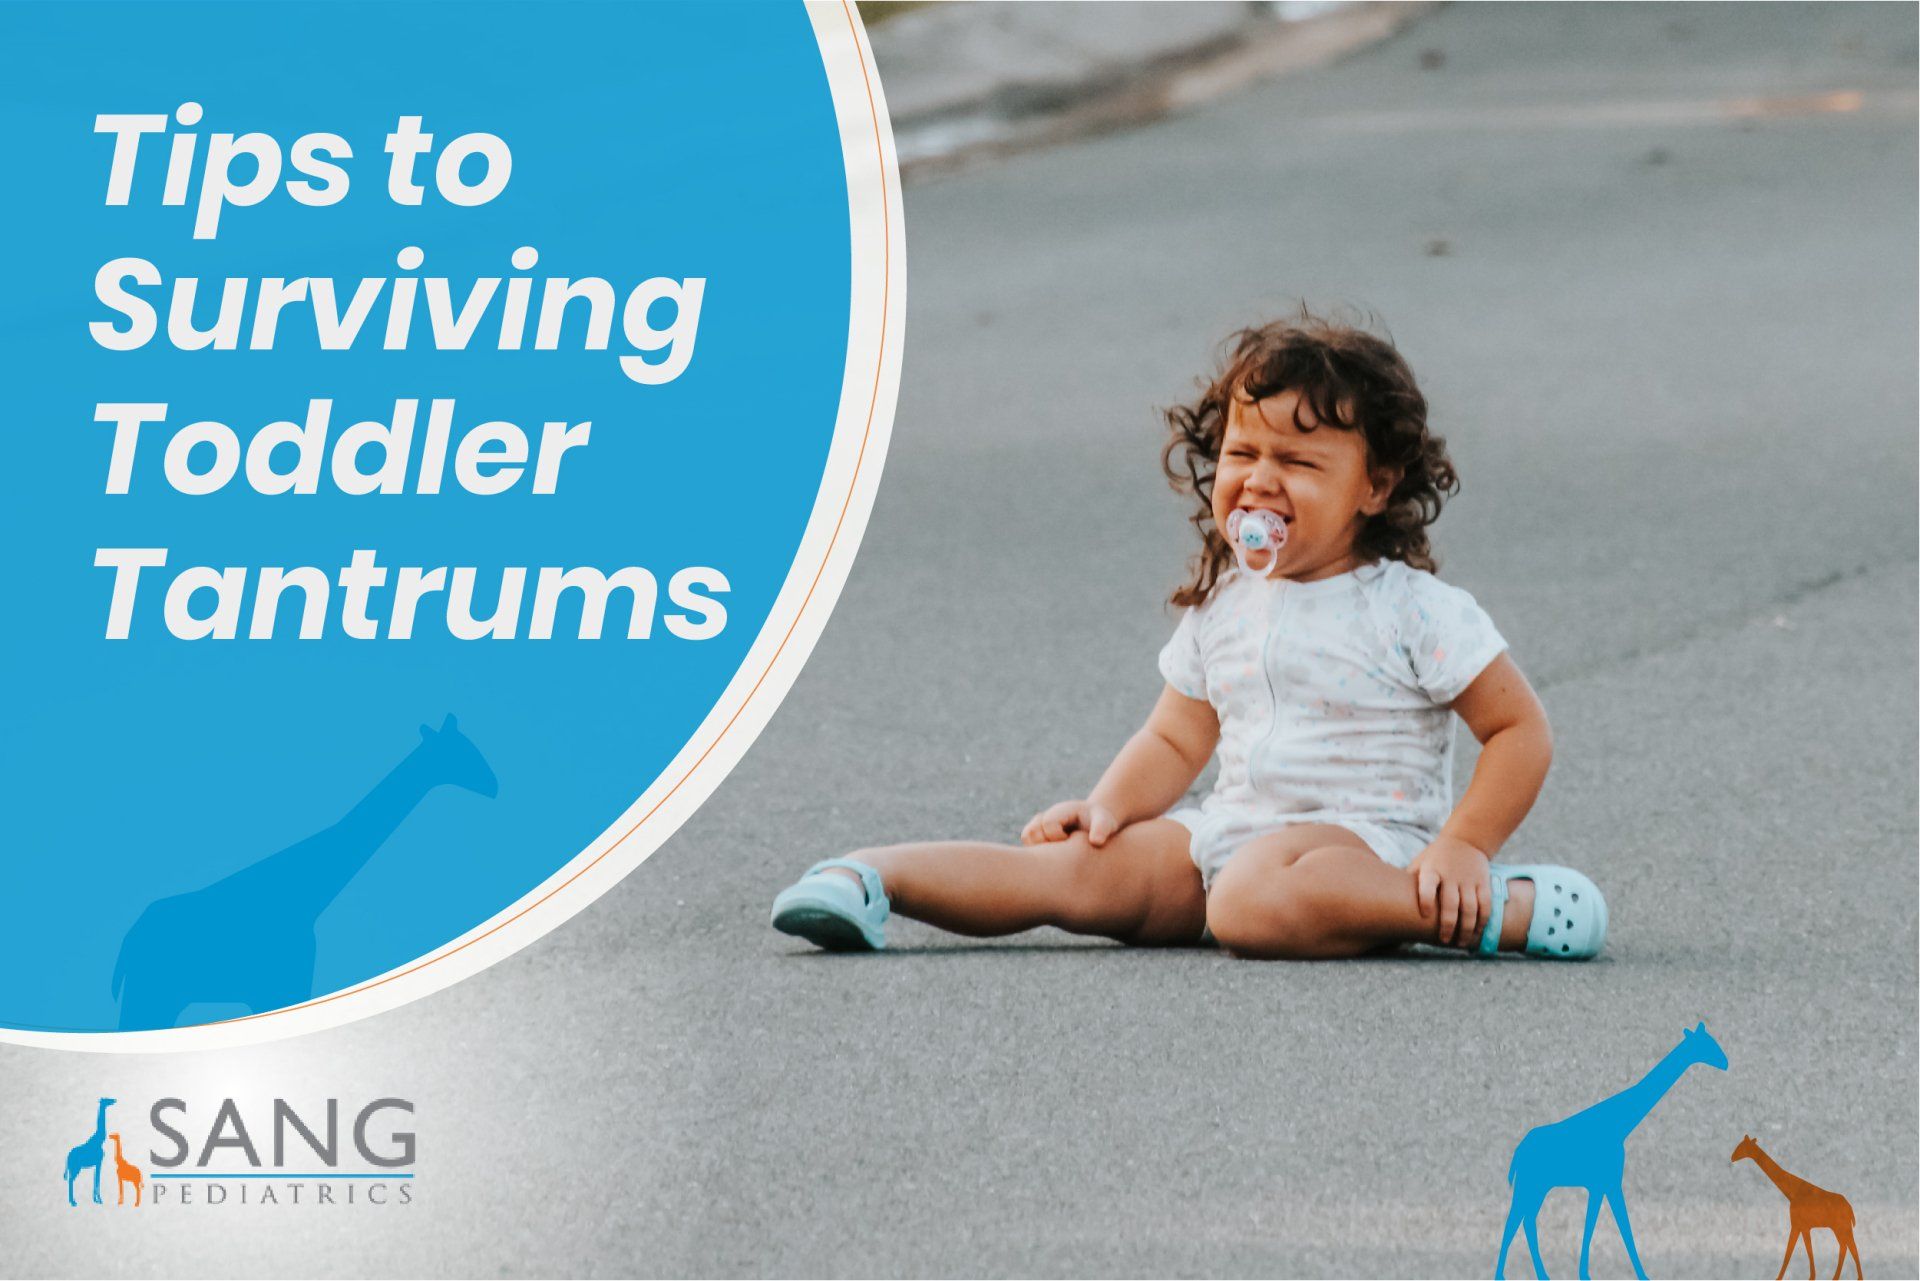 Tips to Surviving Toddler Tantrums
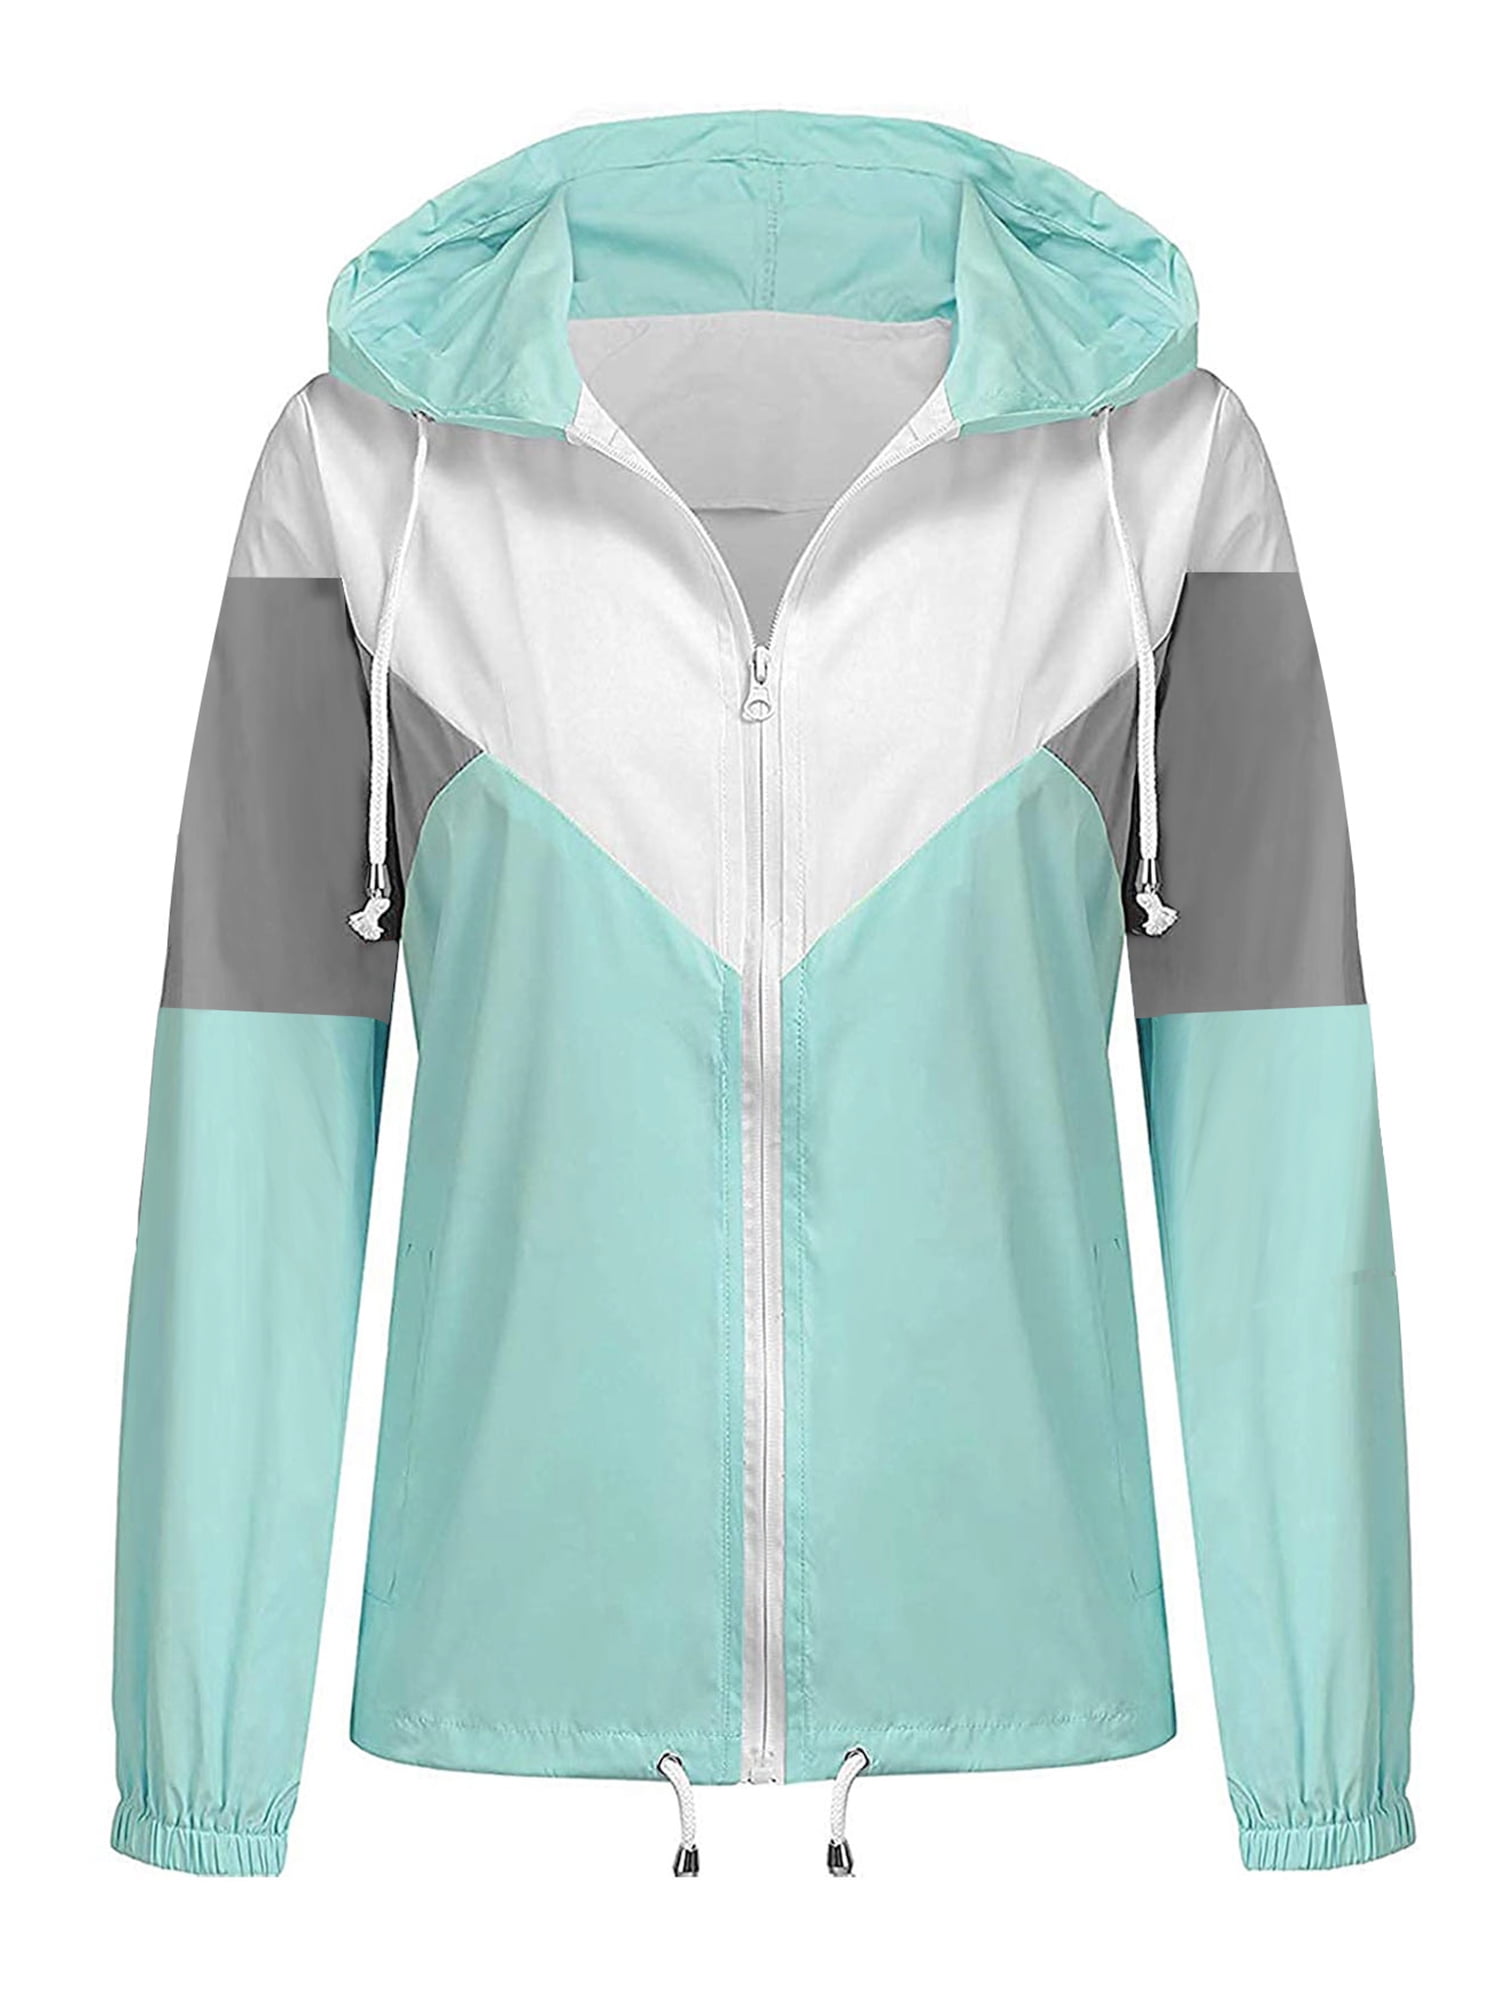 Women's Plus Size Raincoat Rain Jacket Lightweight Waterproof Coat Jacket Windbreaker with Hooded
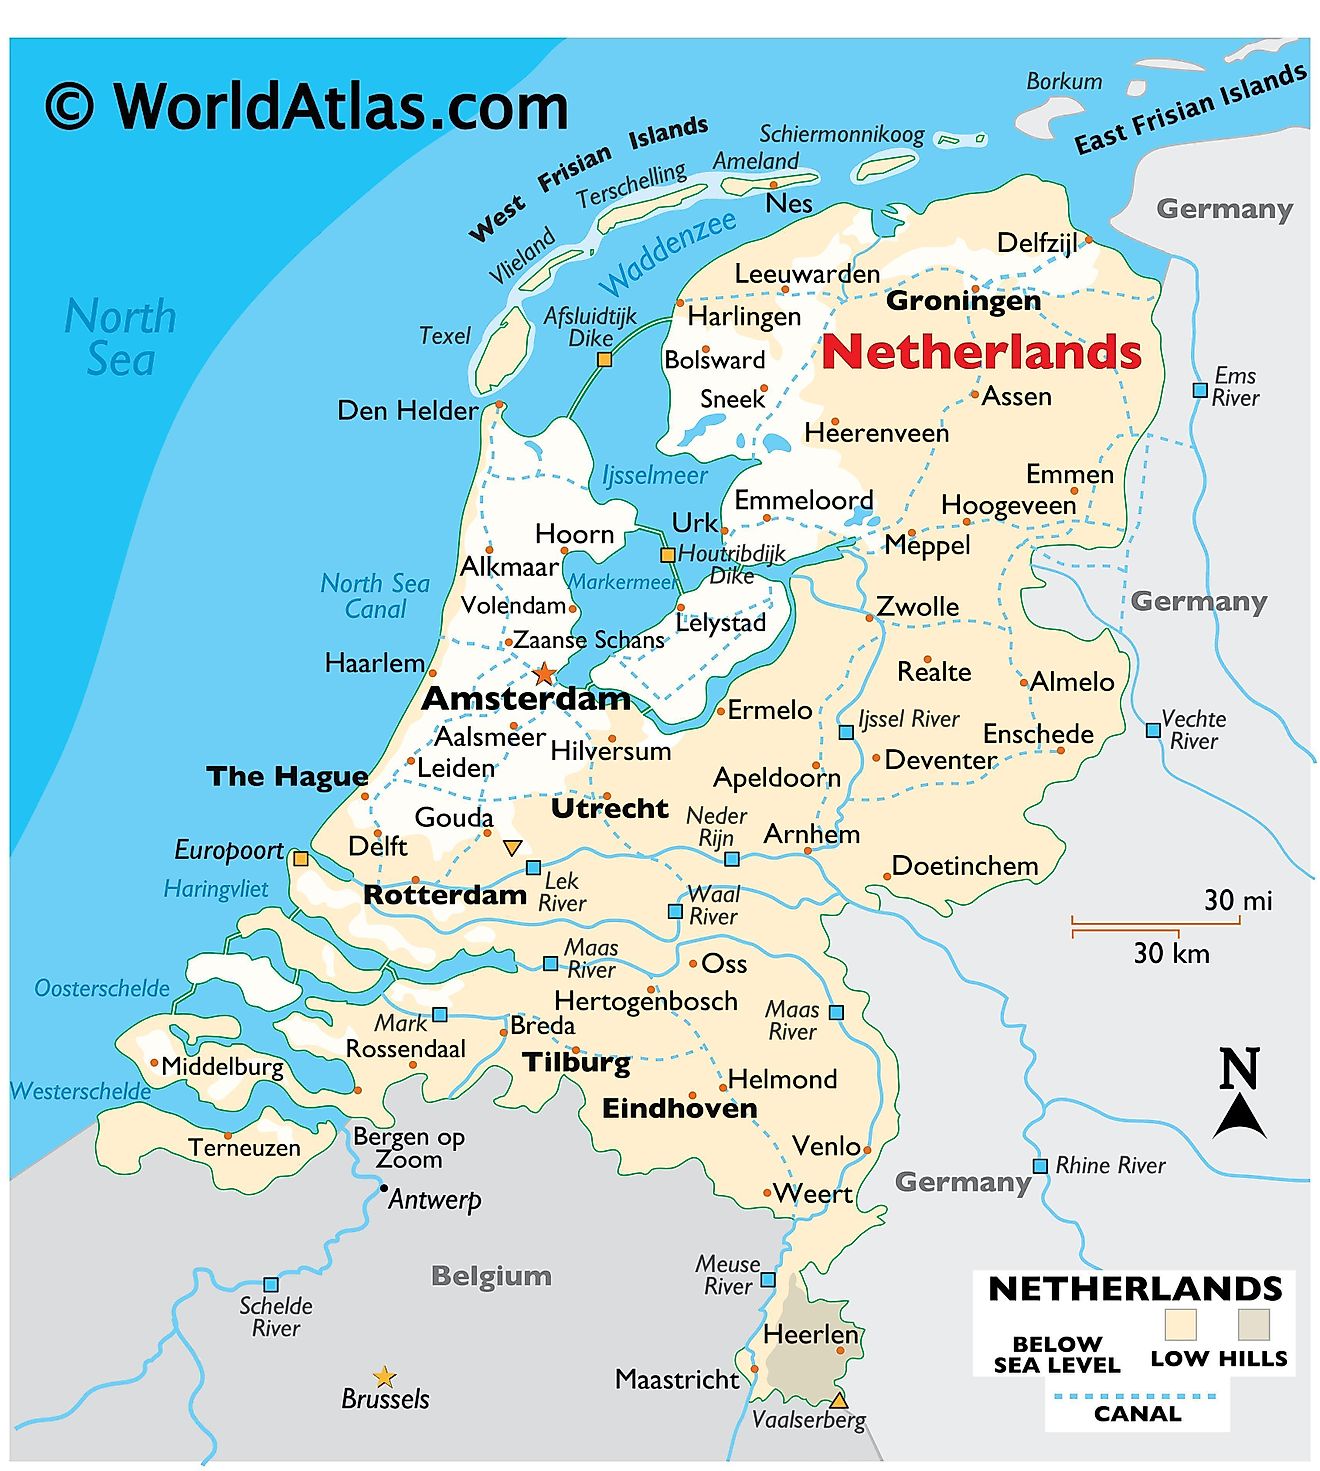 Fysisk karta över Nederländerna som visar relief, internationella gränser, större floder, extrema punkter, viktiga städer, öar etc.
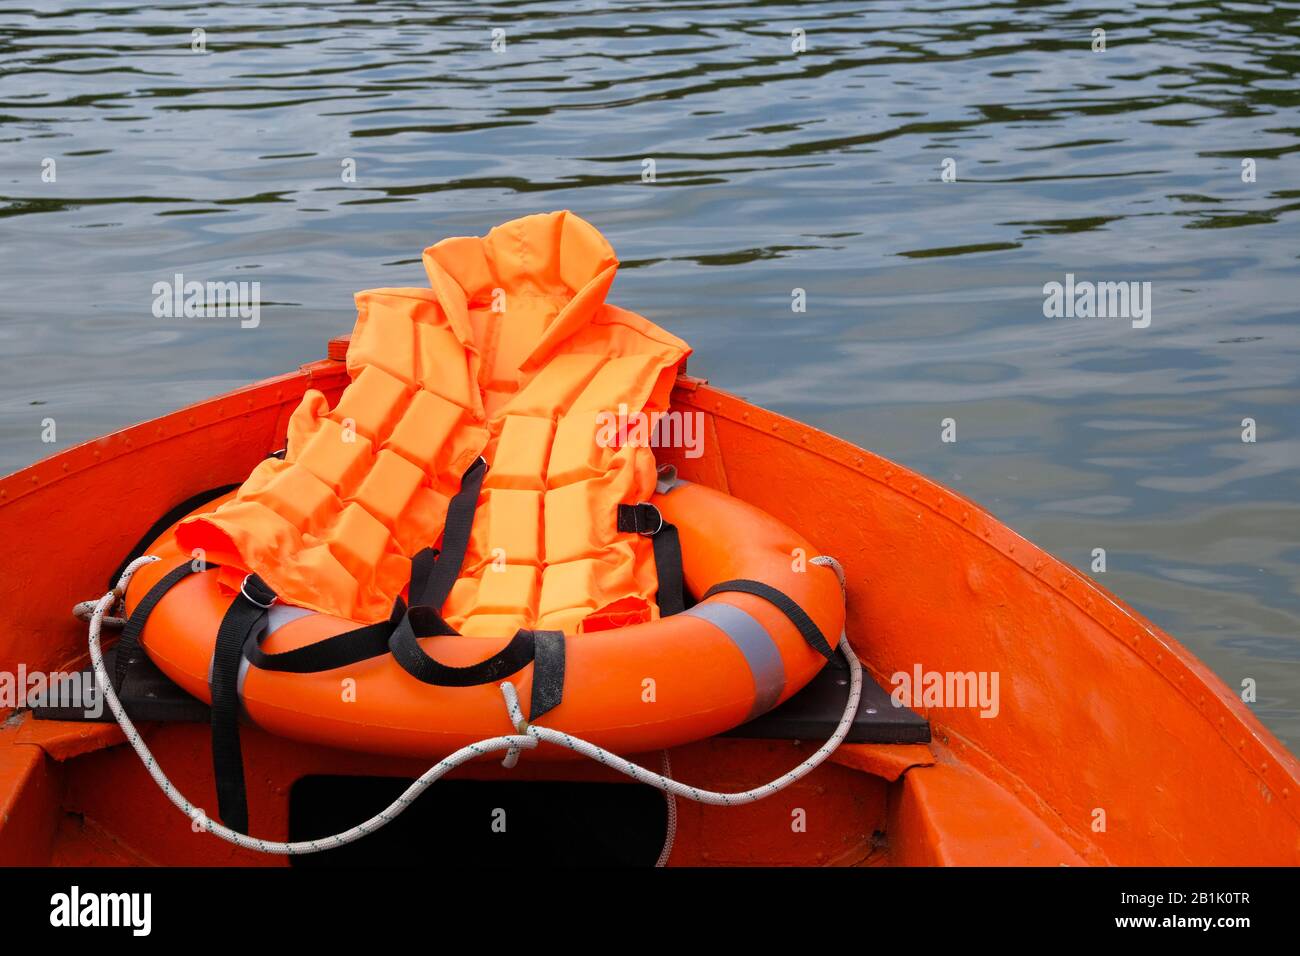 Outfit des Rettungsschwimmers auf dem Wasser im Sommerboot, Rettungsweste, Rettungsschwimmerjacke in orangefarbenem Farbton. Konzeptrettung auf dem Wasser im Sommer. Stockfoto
═══
### What you have to do
Look above for the line containing "Women's Plus Size" and the line containing "Fysisk karta över", then reproduce both and everything between them exactly, pictures omitted.

### Solution for this problem
 Women's Plus Size Raincoat Rain Jacket Lightweight Waterproof Coat Jacket Windbreaker with Hooded
 Fysisk karta över Nederländerna som visar relief, internationella gränser, större floder, extrema punkter, viktiga städer, öar etc.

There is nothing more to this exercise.